Oil and gas extraction increases public’s exposure to hazardous materials
As indicated by local examples and by an Environmental Protection Agency study, hydraulic fracturing (or fracking) for oil and gas have the potential to contaminate surface water and groundwater. This can introduce unsafe levels of naturally occurring toxins, radioactive materials, and toxic heavy metals into drinking water. Fracking also increases toxic smog composed of volatile organic compounds (VOCs, or hazardous air pollutants).
- Chemicals used in the natural gas extraction process and stored in open-air waste pits are hazardous to the lungs, liver, kidneys, blood, and brain.
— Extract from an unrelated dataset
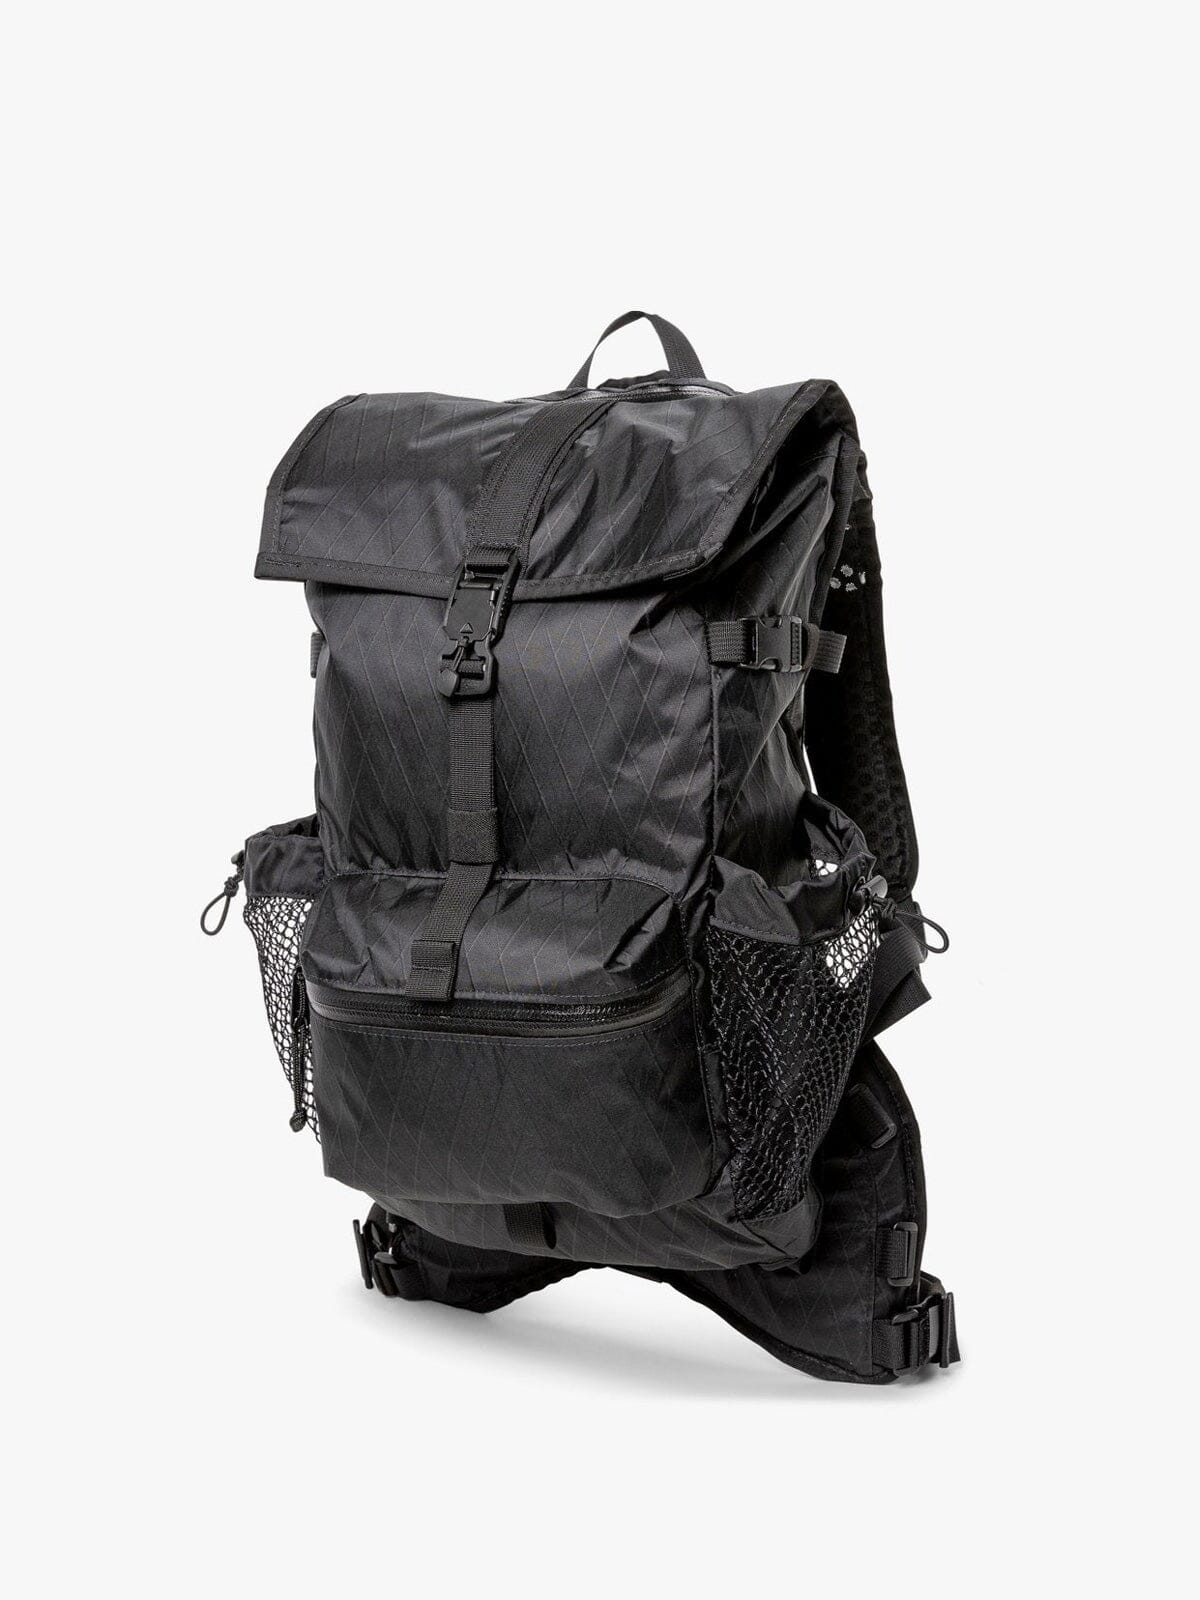 Speedwell by Mission Workshop - Weatherproof Bags & Technical Apparel - San Francisco & Los Angeles - Built to endure - Guaranteed forever

- Exposure to toxic chemicals like benzene and n-hexane from crude oil spills can cause chronic mental, physical, and physiological health effects in local residents and cleanup workers.
- Additional resources:
- Propublica on “significant incidents” of pipeline spills, which contaminate water with dangerous levels of mercury and other toxic substances
- National Institute on Environmental Health Sciences on VOCs from hydraulic fracturing
Oil refining releases carcinogenic chemicals and harmful byproducts
Oil refining is a major health hazard for people living and working in nearby areas. Hydrocarbon, flue gas and particulate emissions from oil refining and combustion are correlated with increased risk of death from cardiovascular and respiratory illnesses. Workers in the oil and gas industries experience higher rates of occupational-related fatalities than all other U.S. industries combined.
- Children residing in near proximity to major industrial installations (petroleum refineries in particular) experienced excessive premature mortality rates from leukemia and other cancers.
- Oil refineries are vulnerable to leaks of dangerous chemicals as the result extreme weather events and other natural disasters. In the immediate aftermath of Hurricane Harvey, oil refineries and chemical plants released over 1 million pounds of toxic air pollutants known to harm human health and in some cases cause cancer.
- Additional resources:
- U.S. Department of Labor on injury and chronic disease associated with oil and gas extraction
- National Cancer Institute on cancer-causing benzene at refineries
People of color are more impacted by power plants and toxic sites
Many studies show that power plants and toxic disposal sites are overwhelmingly located near people of color. This means that people of color are exposed to more airborne pollutants than whites. For example, concentrations of nitrogen dioxide, a fossil fuel emission and major cause of heart disease, are 38 percent higher in non-white communities.
- According to a report by the National Association for the Advancement of Colored People (NAACP), approximately 68 percent of African Americans live within 30 miles of a coal-fired power plant.
- African American children are three times as likely to be admitted to the hospital and two times as likely to die from an asthma attack as a white child.
- Latinos are 51 percent more likely to live in counties with dangerous levels of ozone and Latino children are two times more likely to die from asthma than white children.
- Native American communities across the U.S. continue to experience an ongoing legacy of health impacts from pipeline leaks that infiltrate drinking water, as well as respiratory illness, heart disease and cancers caused by pollution from coal plants.